Taken together, these investigations revealed that the claim that a majority of Americans support capital punishment was a methodological artifact, not a definitive empirical fact. When survey respondents were asked to make a judgment between alternative sanctions, they tended to show a preference for nonlethal penalties. They seemed to see a life sentence without the possibility of parole providing an equivalent amount of justice and public safety. In particular, they preferred a sentence in which offenders engaged in restorative action, working to provide restitution to the victim’s family. This finding does not mean that crimes do not exist for which a majority of Americans might endorse an offender’s execution (see, e.g., Durham, Elrod, & Kinkade, 1996). But it does mean that public views on the death penalty are not rigidly fixed on a specific statistical figure. Instead, they tend to be flexible and shaped by the array of sentencing options that are included in the calculations that the respondents are permitted to make.

Giving More Information

Studies that present subjects with vignettes describing the crime and the victim, among other things, allow researchers to determine whether case-specific factors influence death penalty attitudes. For example, Applegate and Davis (2006, p. 60) showed that support for the death penalty for juvenile offenders varied across different “types” of murder, including “manslaughter, attempted murder, murder as an outcome of an argument,” robbery murder, and robbery murder with additional aggravating circumstances. Using logistic regression, the “odds of a preferred punishment greater than 3 years on probation” was “nearly 54 times higher when a youth had committed a murder during a robbery and brutalized the victim” than for a youth who committed manslaughter (Applegate & Davis, 2006, p. 66). The researchers also found that subjects were more likely to assign the harshest punishments (life in prison, life in prison without parole, or the death penalty) to youths with a serious prior criminal record. These findings suggest that perceptions regarding the harm caused by the crime or the dangerousness of the criminal may influence whether the respondent favors—or does not favor—the death penalty for a specific offender. Nearly half of the respondents preferred “3 years of probation or less” for manslaughter, yet only 2.4% of respondents chose this sentence option for those convicted of robbery murder with aggravating circumstances (Applegate & Davis, 2006, p. 63). This finding may indicate a tendency for individuals’ desire for the punishment to “fit” the seriousness of the crime.

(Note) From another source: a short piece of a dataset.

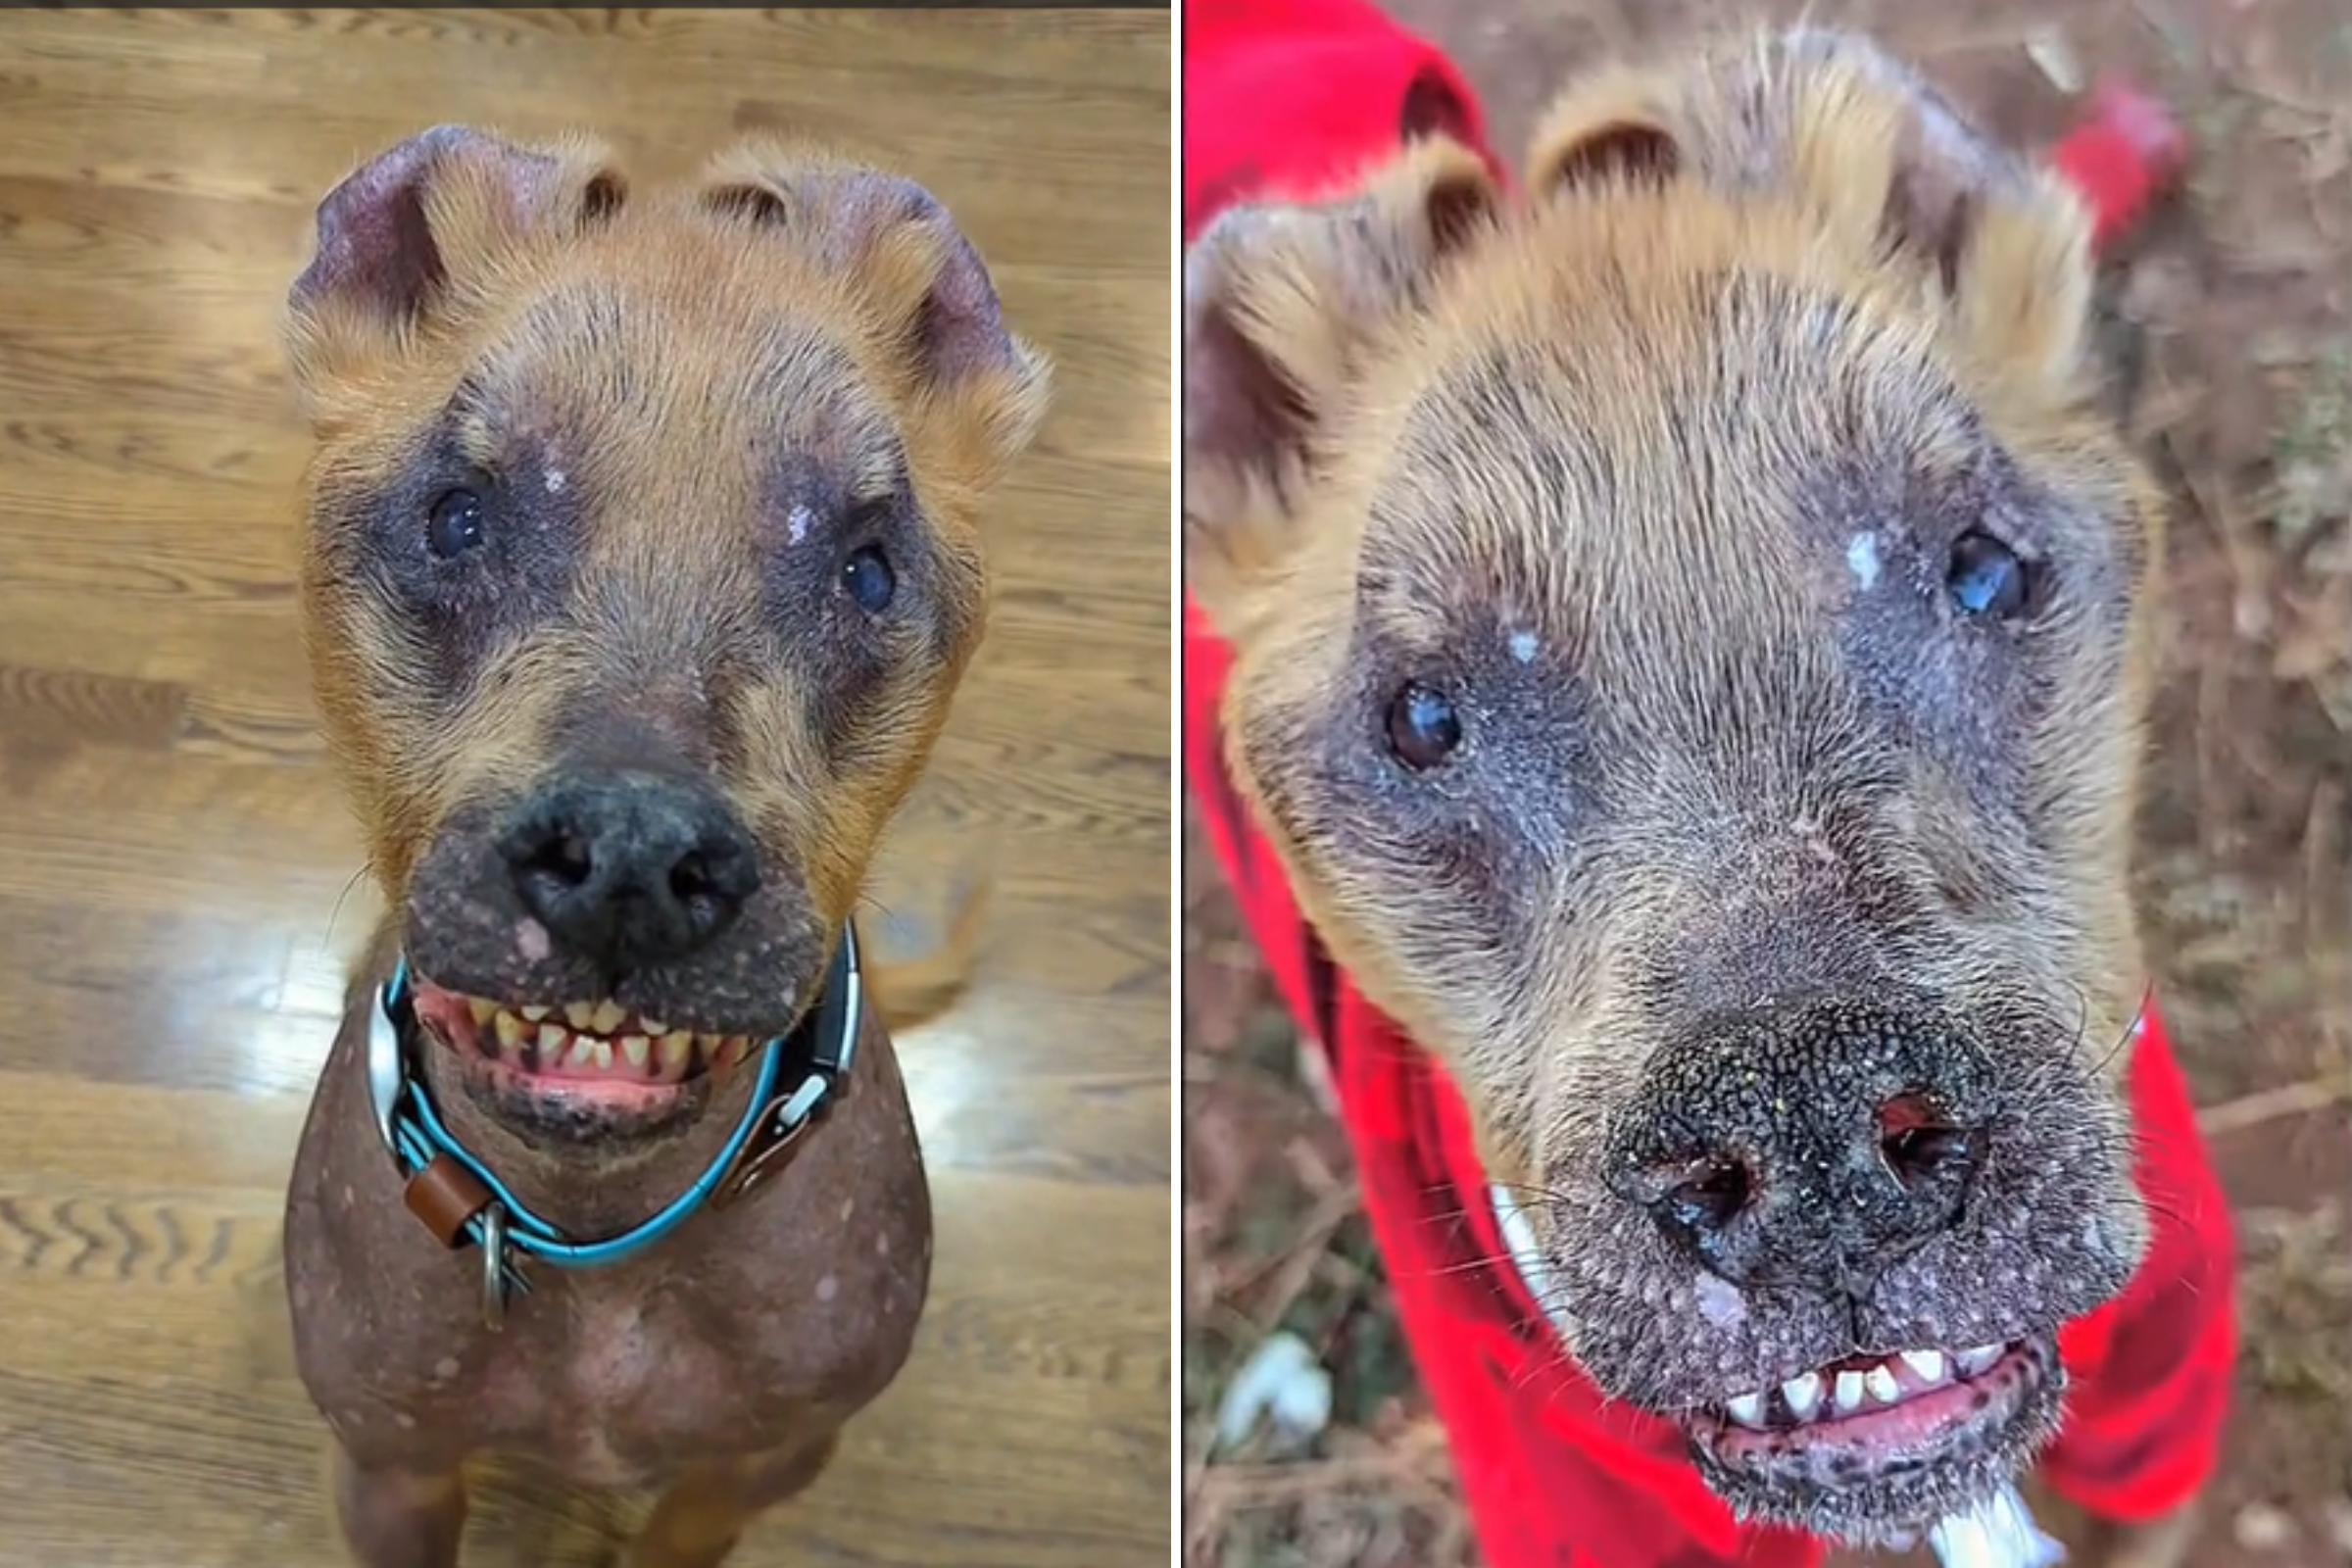 Rescue Dog With Rare Mix of 6 Breeds Captivates Internet: ‘Born Different’

The relationship between the severity of the crime and preference for the death penalty is also shown in research on attitudes toward the death penalty for those convicted of murder with no offender age specification. For example, Burgason and Pazzani (2014) surveyed respondents using 40 different homicide vignettes. They found that the respondents were more likely to choose the death penalty (instead of LWOP, a respondent-specified prison term, or another respondent-specified sentence) when “a rape was committed in conjunction with the murder” and when “a gun was used in the commission of the murder” (Burgason & Pazzani, 2014, p. 827). These two factors are both related to perceived harm done beyond the murder itself.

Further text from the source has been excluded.